PHOTO EDOUARD PLANTE-FRÉCHETTE, THE PRESS

Théo Germond Trudeau at work

A second life

Residual materials are not the only ones to experience a new life here.

The 5.5 hectares cultivated and developed by Les Choux Gras were previously operated by the Notre-Dame-du-Perpétuel-Secours congregation, whose former convent can be seen below.

The vision of the coop, which also provides training and consulting in permaculture in the south of Bellechasse, convinced the sisters to sell their land to it in 2018. They even made a donation of $40,000 to help the development of a feeder park in a vast uncultivated field located on the other side of the stream.
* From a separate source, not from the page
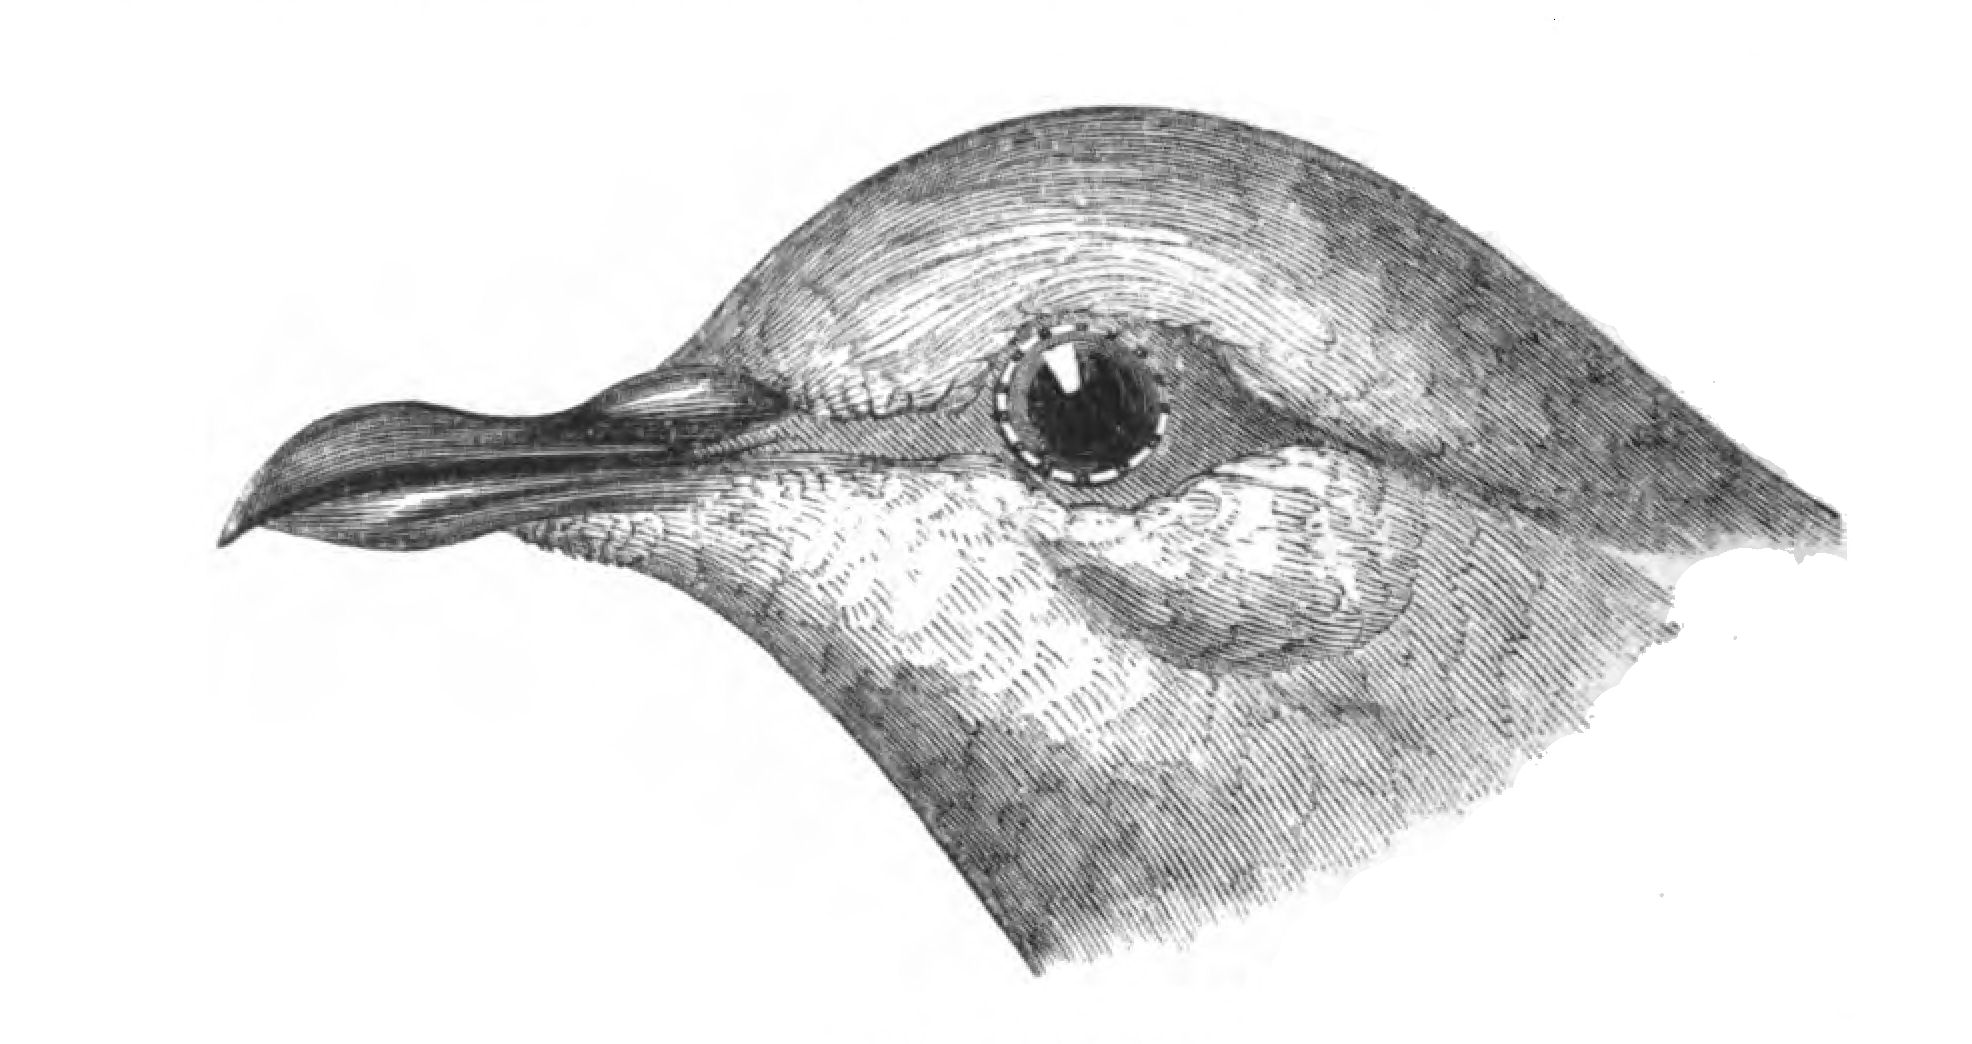 File:Natural History, Birds - Pigeon head.jpg - Wikimedia Commons

PHOTO EDOUARD PLANTE-FRÉCHETTE, THE PRESS

Caroline Lévesque, general manager of the Les Choux Gras cooperative, in the abandoned orchard on the property, which the coop has undertaken to revitalize

This park, open to the public, will allow you to see concrete examples of permaculture. The project, which will be the subject of a crowdfunding campaign next spring, will include fruit trees and shrubs, nut trees, perennial vegetables such as asparagus and sorrel, mushrooms and medicinal plants, but also benches and artistic spaces.